• [INPUT FOR THIS TASK]
-------

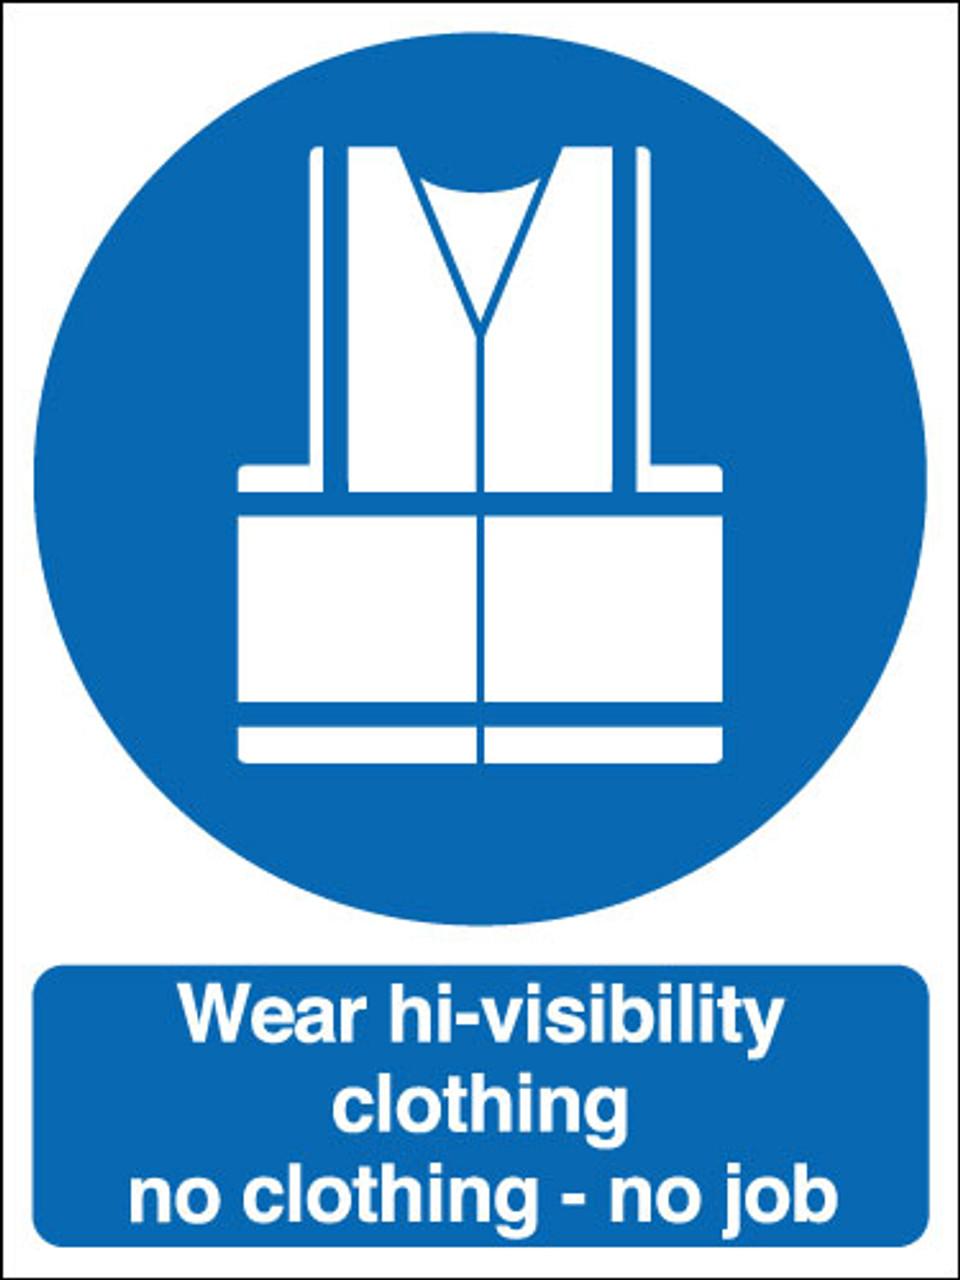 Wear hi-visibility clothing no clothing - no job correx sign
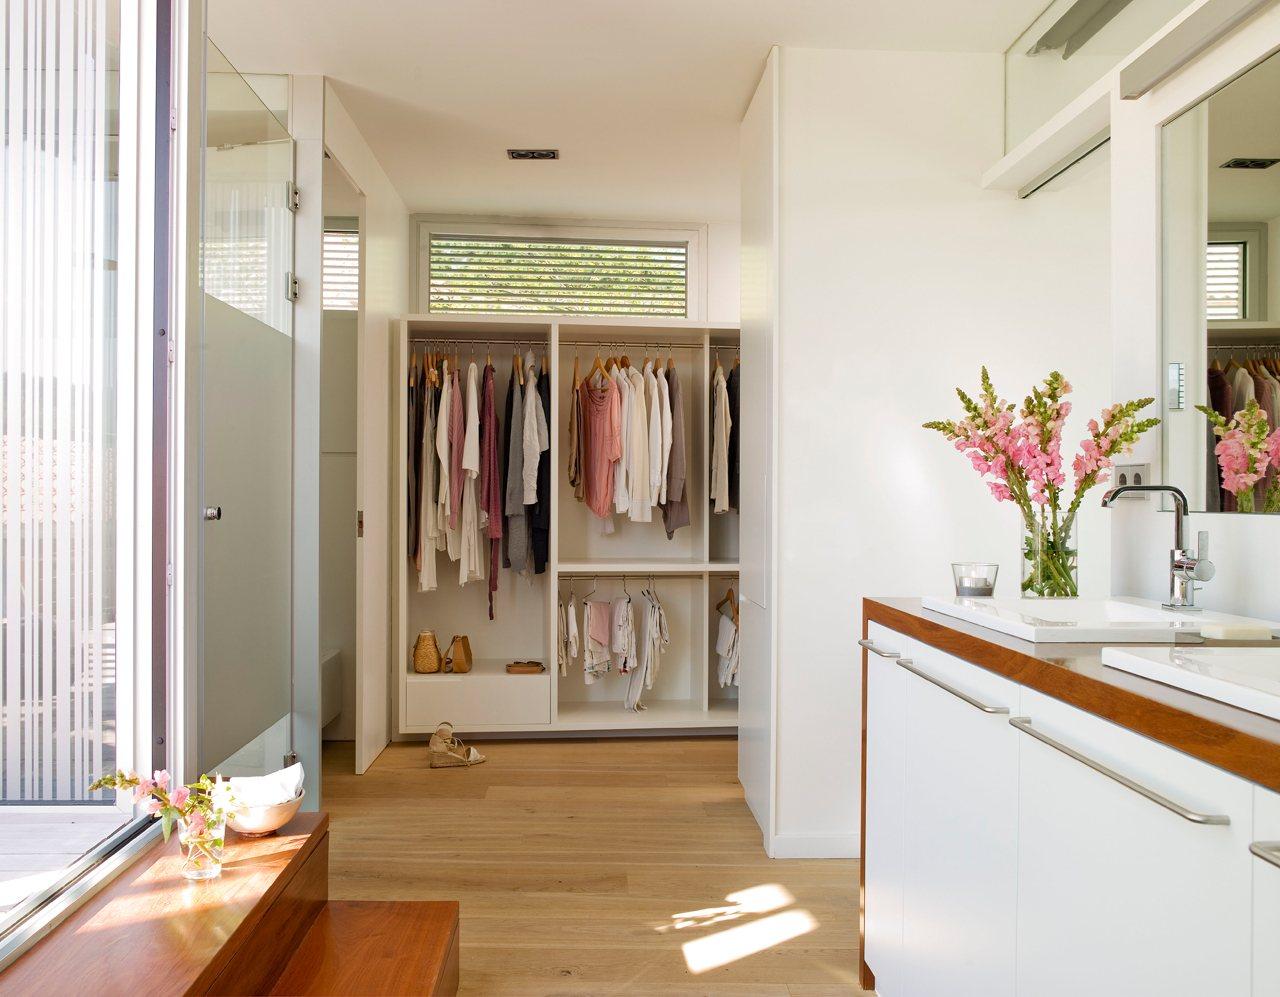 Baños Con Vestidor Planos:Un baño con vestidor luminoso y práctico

-------

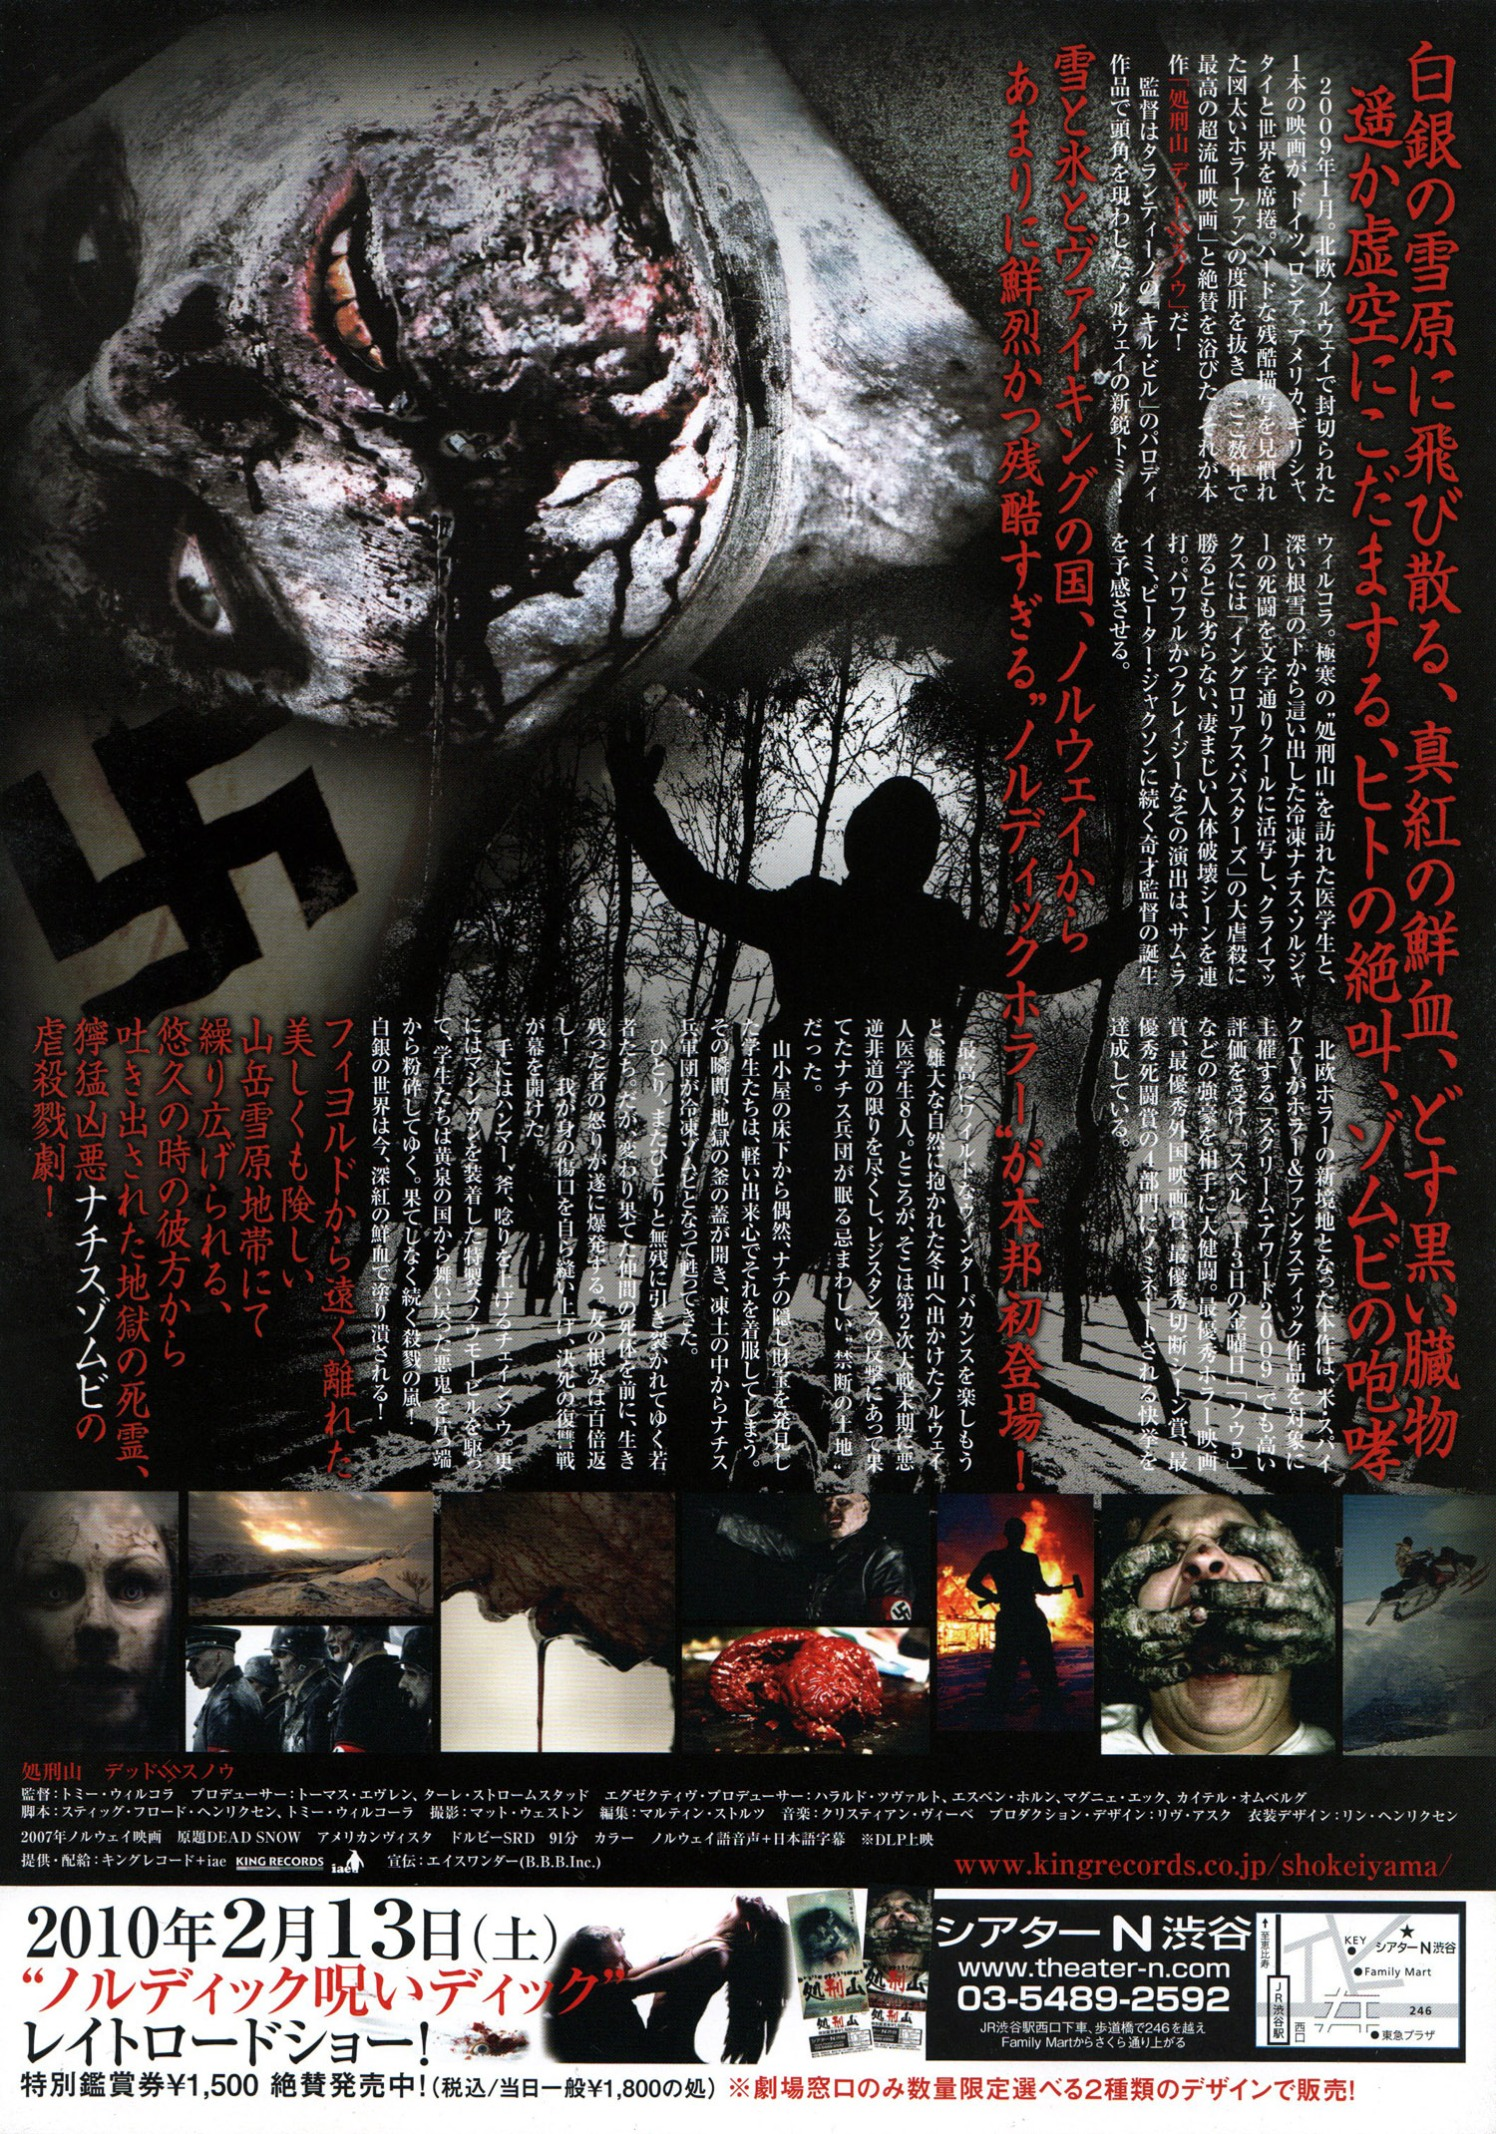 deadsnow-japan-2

-------

• [TASK STATEMENT]
Look above for the line with "Wear hi-visibility clothing" and the line with "Baños Con Vestidor", then copy exactly the lines from the first through the second, both kept, with no pictures.

• [TASK RESPONSE]
 Wear hi-visibility clothing no clothing - no job correx sign
 Baños Con Vestidor Planos:Un baño con vestidor luminoso y práctico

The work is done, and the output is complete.